-- The task --
The whole listing, except its pictures, is to be repeated exactly.

-- Given information --

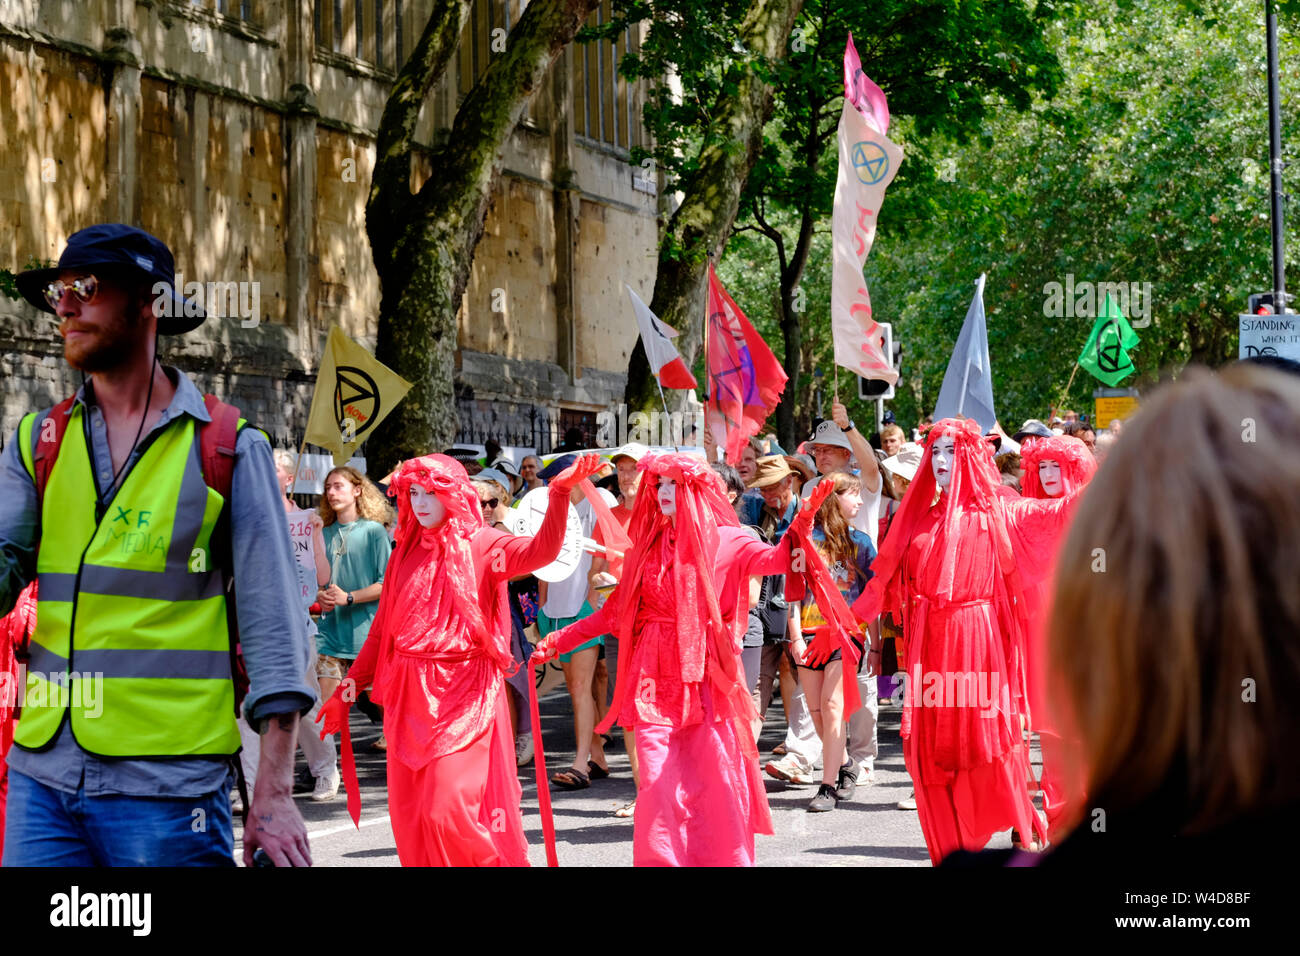 Las Brigadas Rojas apoyar el movimiento de rebelión de extinción alzamiento de verano; un grupo de Bristol han ocupado el puente en el centro de la ciudad. La protesta Foto de stock
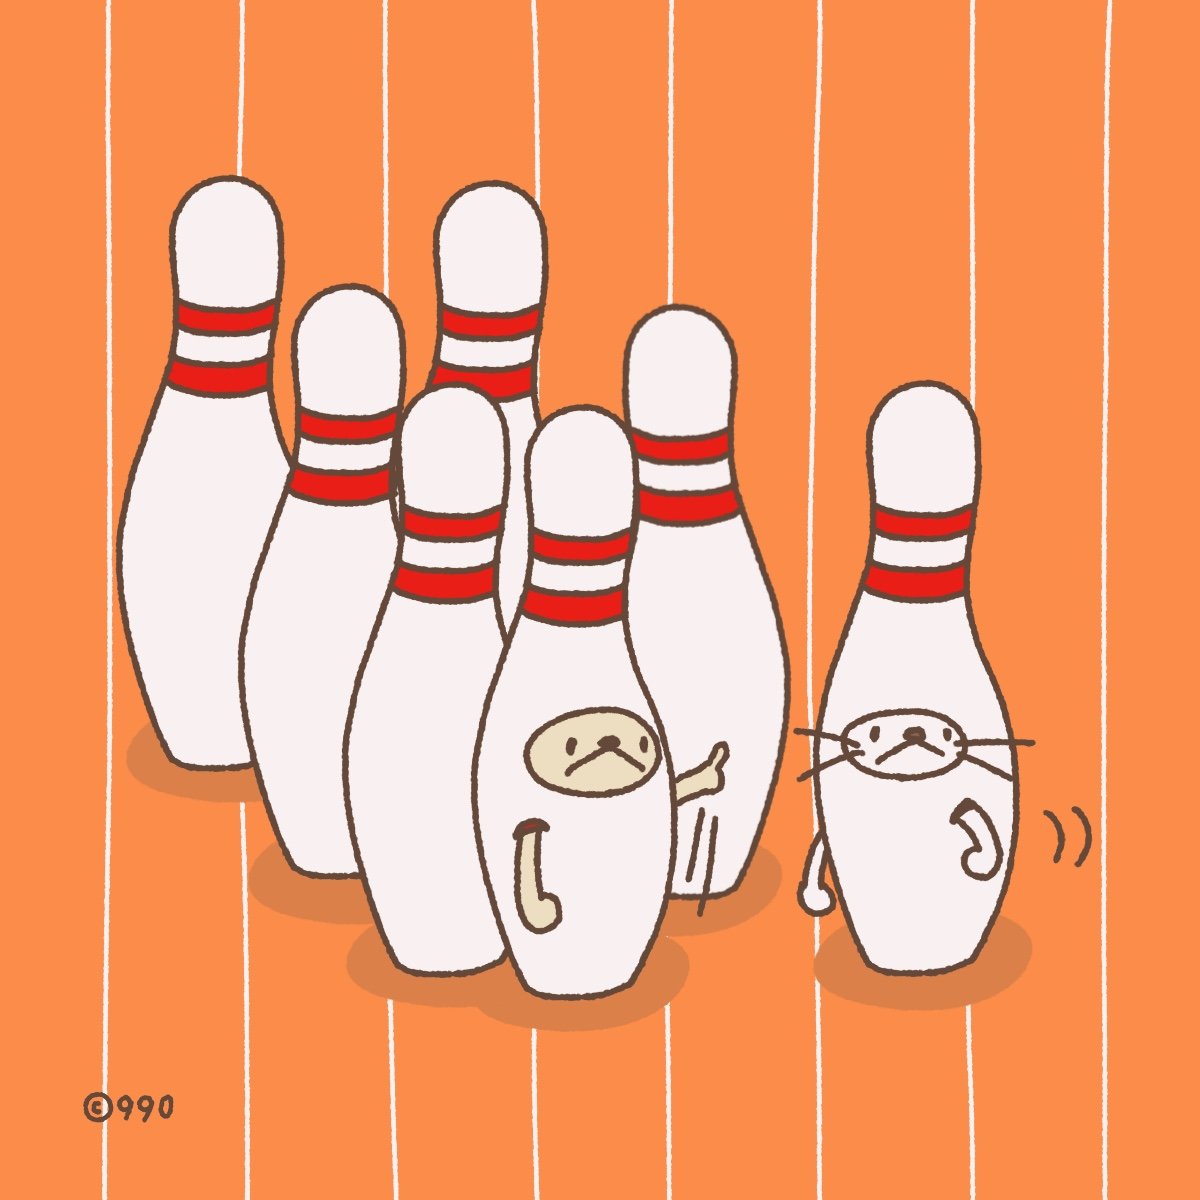 整列〜🎳

#ボウリングの日 #もくようび #ククまる #ククまるの日常 #イラスト #イラスト好きさんと繋がりたい #イラスト好きな人と繋がりたい #癒し #絵描きさんと繋がりたい #絵 #くま #うさぎ #元アイドル #Bowling #idol #illust #illustration #bear #rabbit

-- Expected answer --
 Las Brigadas Rojas apoyar el movimiento de rebelión de extinción alzamiento de verano; un grupo de Bristol han ocupado el puente en el centro de la ciudad. La protesta Foto de stock
 整列〜🎳

#ボウリングの日 #もくようび #ククまる #ククまるの日常 #イラスト #イラスト好きさんと繋がりたい #イラスト好きな人と繋がりたい #癒し #絵描きさんと繋がりたい #絵 #くま #うさぎ #元アイドル #Bowling #idol #illust #illustration #bear #rabbit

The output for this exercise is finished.